The Truth About Owl Creek Farm
October 28th, 2007 at 07:02pm Post Staff 43
WOODY CREEK, COLORADO (Post Time News)—In a revelatory interview with the Guardian of London in October 2005, the widow of the late Dr. Hunter S. Thompson drew the curtain back on Owl Creek Farm and the picture is not the roseate picture that predominated after the gonzo journalist’s suicide in 2005.
Anita Thompson said there was “dark side” to Thompson and she called him the “lord of the underworld.” Before his death, she had been recently staying with her mother because “things were so bad.” She also said that she succumbed to the drug culture that surrounded her husband, and that she and the writer had tried to have a child.
“'I was curious,” she told Rachel Cooke of the Guardian, “so I tried it all. I ended up with a serious drug problem. But after about two years I realized (sic), I can't keep up with this guy. There were so many drunk people around, I thought, someone's got to stay sober. It was hard to get off it because of the environment, but it was either that or I'd have to leave. He didn't like to lose a party buddy, but he was supportive. My rehab was in a drugs den! His motto was: it's wrong when it stops being fun. It wasn't fun for me; it was horrible. But it was fun for him right up until the very end.”
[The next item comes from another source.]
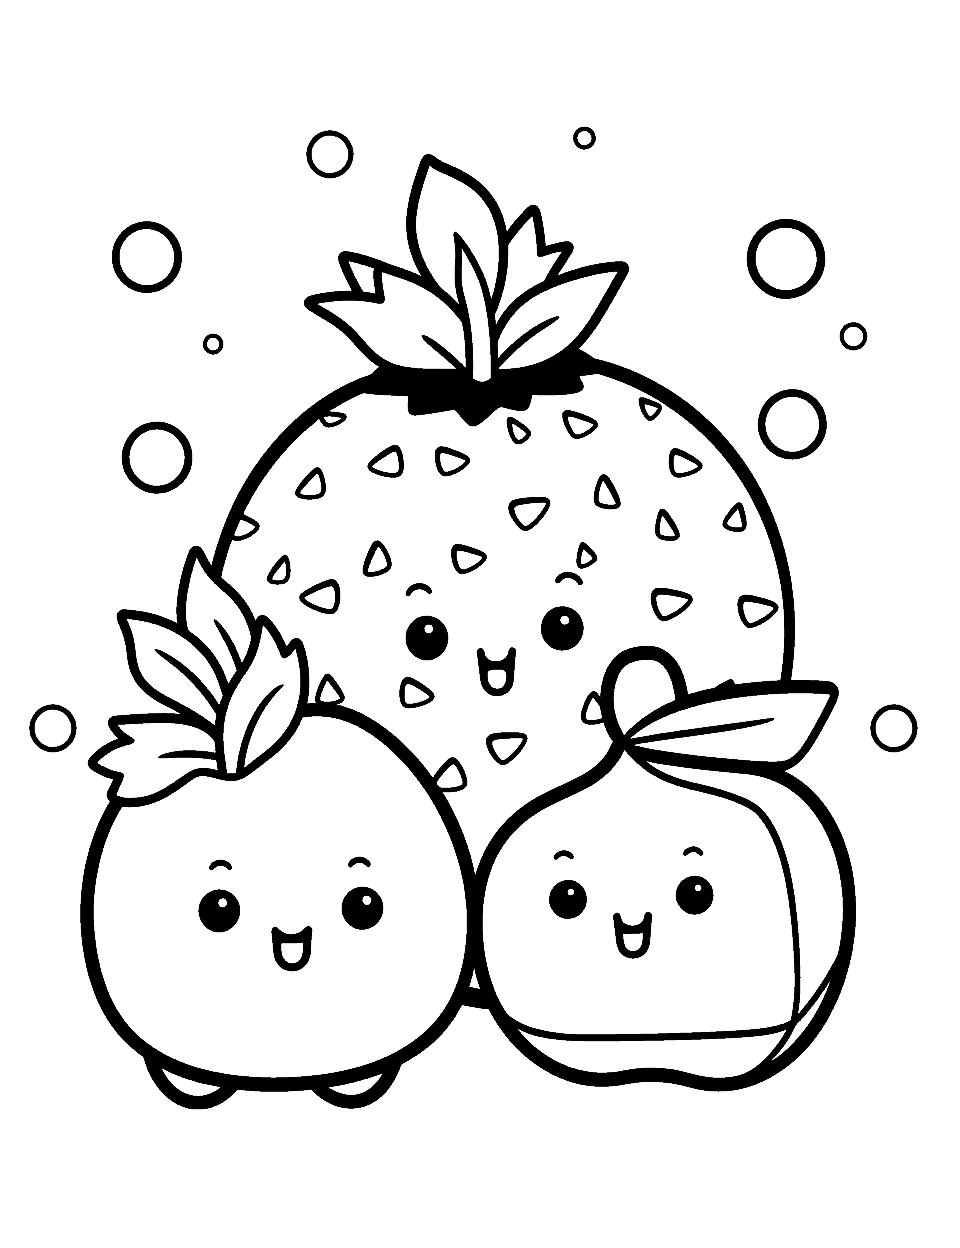 Easy-to-Color Doodle Fruits Kawaii Coloring Page - A simple doodle of assorted cute, smiling fruits for beginners to enjoy coloring.

On her visit her to Owl Creek Farm eight months after Hunter Thompson's death, the British journalist found time was still standing still for Hunter Thompson’s widow.
“The experience is like being in some crazy, hippie version of Sale of the Century,” Cooke writes. “In the living room, I see: a cactus, a stuffed alligator, a small cannon, an exercise bike, a ram's head, a stuffed crow, the Encyclopaedia Britannica, an owl, a human skull and a blue candle in the shape of a woman with its wicks as nipples. In the kitchen, Hunter's handwritten notes--'Let's get stoned and have orgasms and laugh a lot' --are stuck to every wall. So, too, are photographs of him. In one, he is wearing lipstick and a pink wig. It is captioned: 'Hunter's aunt visits, September 2004.' On a kitchen counter is a lamp. On its shade hang some 30 pairs of Hunter's spectacles, their glass still smeared with his fingerprints.”
“I know,” Anita Thompson said to Cooke during her visit to Owl Creek Farm. “I have an obligation to let go. My family says that. My mother says, "You don't want to live in a shrine. But it isn't a shrine. I did let go. I had to. I just don't... can't change things, that's all.'
Thompson also told Cooke she and her late husband had tried to get pregnant.
“We were trying to have a kid,” she said in the interview.
The final months of his life—with the writer in pain from a broken leg and back surgery—were particularly difficult for his wife as well.
“You bet I felt worn down by it,' she said. “It was hard. He was hard on people. It was hell.”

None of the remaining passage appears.